The flowchart below is used to sort in ascending order an array of length N = 100h starting at address [200h], following the principle:
Principle:
Sort each pair of successive values in the array (if they are not sorted in ascending order, swap them).
For each value of the secondary counter DX, the values to be sorted are pointed to by [SI] and [SI + 1]. Since the array has N values and the first pass is done comparing between the second-to-last and the last value, the primary counter CX will have to traverse (N - 1) values, i.e., CX = N - 1, N - 2, ..., 2, 1. This solution allows stopping the process when it is observed that the array is already sorted after one pass of the secondary counter DX through all its relevant values, even before reaching the limit of the primary counter (CX = 1).
For each pass (i) (meaning for each value of the primary counter CX = N - i), SI varies from its initial value (200h) to the value (200h + N - i - 1), giving (N - i) values. Therefore, the counter DX will take the following (N - i) values:
This translates to:
DX = N - i, N - i - 1, N - i - 2, ..., 2, 1
DX = CX, CX - 1, CX - 2, ..., 2, 1
The flowchart:
start
cx=n-1
etq:
dx=cx
si=200h
bl=0
al=[si]
bcl:
al<=[si+1]
if yes:
si=si+1
dx=dx-1
if no:
permute al,[si+1]
si=al
bl=bl+1
si=si+1
dx=dx-1
zf=1 ?
if yes:
bl=0?
if yes:
end
if no:
cx=cx-1
z=1?
if yes:
end
if no:
etq
if no:
bcl
i tried translating it to the code below:
; multi-segment executable file template.
data segment
tab db 30h,35h,23h,37h,38h,39h,31h
n dw 7
ends
stack segment
dw 128 dup(0)
ends
code segment
start:
; set segment registers:
mov ax, data
mov ds, ax
mov es, ax
sub n,1
mov cx,n
etq:
mov dx,cx
mov si,200h
mov bl,0
mov al,[si]
bcl:
cmp al,[si+1]
jbe con
mov dl,al
mov al,[si+1]
mov [si+1],dl
mov si,ax
inc bl
con:
inc si
dec dx
jnz bcl
cmp bl,0
je fin
dec cx
jnz bcl
fin:
mov ax, 4c00h ; exit to operating system.
int 21h
ends
end start ; set entry point and stop the assembler.

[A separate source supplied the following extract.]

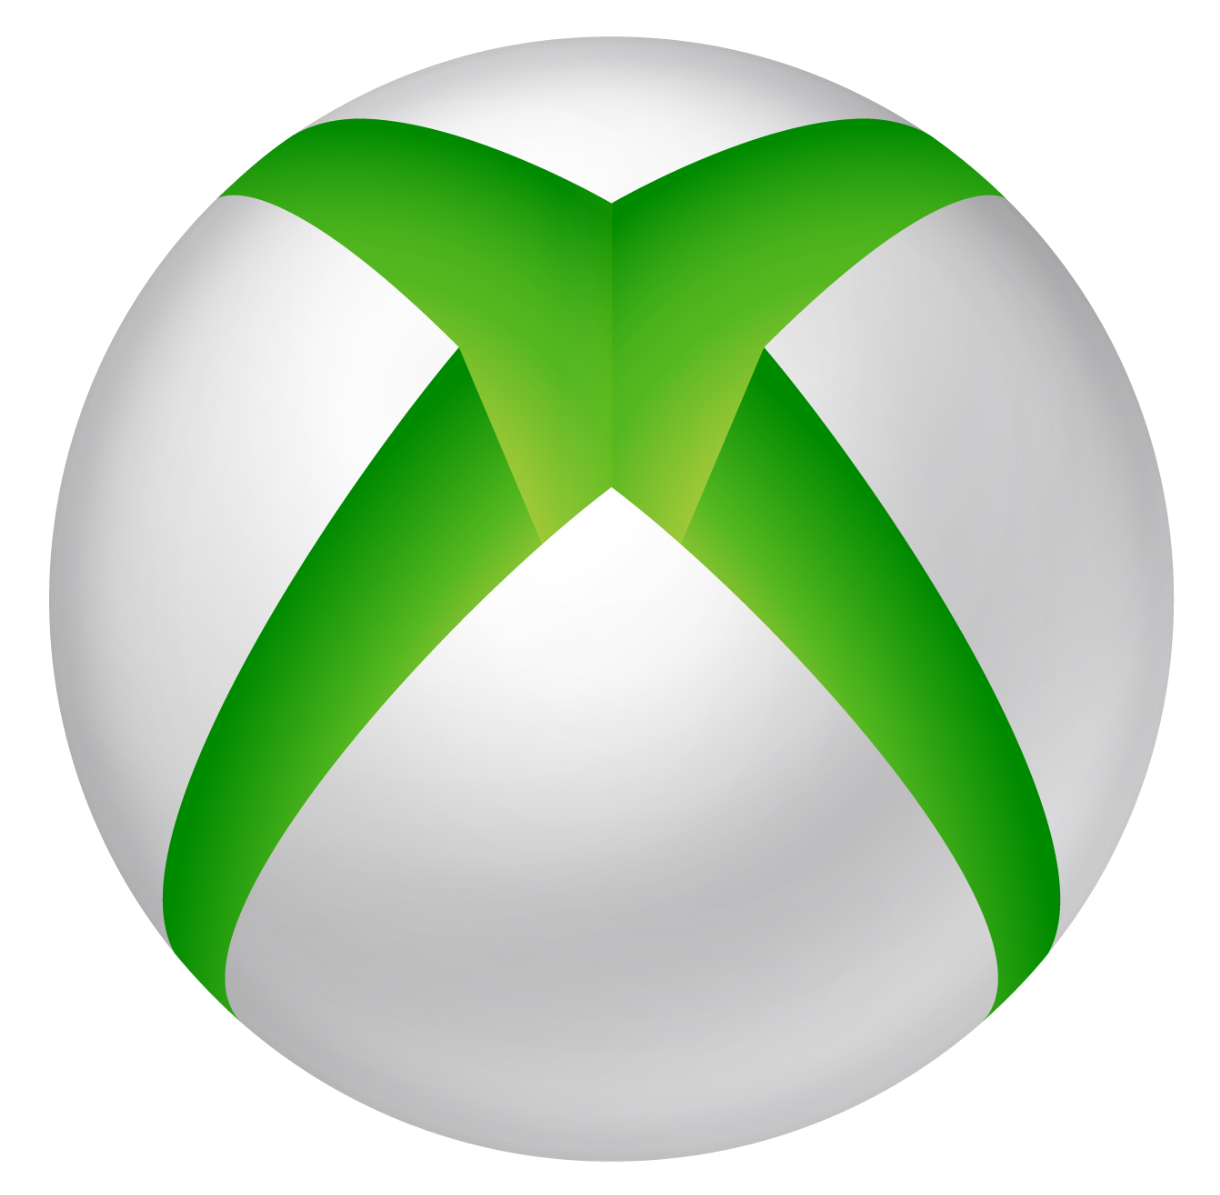 Xbox Image PNG Image

but it doesn't change anything.
Sort each pair of successive values in the array (if they are not sorted in ascending order, swap them).
Because you erroneously keep mov al,[si] outside of the bcl loop, you are not processing pairs of successive values. You end up comparing between non-adjacent elements.
Sort each pair of successive values in the array (if they are not sorted in ascending order, swap them).
Because you erroneously use mov si,ax based on an error in the pseudo code, the pointer SI gets destroyed and there's no telling what the results will be. The correct instruction is mov [si], al.
dec cx jnz bcl
Here the pseudo code had it right, but you erroneously wrote bcl instead of etq. I find these names bcl (boucle) and etq (étiquette) a bit too generic. Might I suggest InnerLoop and OuterLoop ?
mov dl,al
You shouldn't use the DL register within the inner loop since you are already using DX as the inner loop counter. Remember that DL is the low byte of DX, just like DH is the high byte of DX.
dec n
mov cx, n
OuterLoop:
mov dx, cx
mov si, 0200h
mov bl, 0
InnerLoop:
mov ax, [si] ; Read two adjacent byte-sized elements
cmp al, ah ; Compare
jbe con
mov [si+1], al ; Swap low -> high
mov [si], ah ; Swap high -> low
mov bl, 1 ; Testify the swap
con:
inc si
dec dx
jnz InnerLoop
test bl, bl
jz fin
dec cx
jnz OuterLoop
fin:
I have replaced your inc bl by mov bl, 1. Both instructions are the same length, but the inc bl could backfire on you (producing a so-called 'false positive') in case the number of swap operations happens to be a multiple of 256.
[edit]
The task description talks about an array located at address 200h, but the program that you have written has placed the array behind its own label and that happens to be at offset address 0 in the data segment.
Either you satisfy the task description by adding a filler:
db 200h dup(0)
tab db 30h,35h,23h,37h,38h,39h,31h
n dw 7
or you don't add a filler and just replace mov si, 0200h by mov si, OFFSET tab.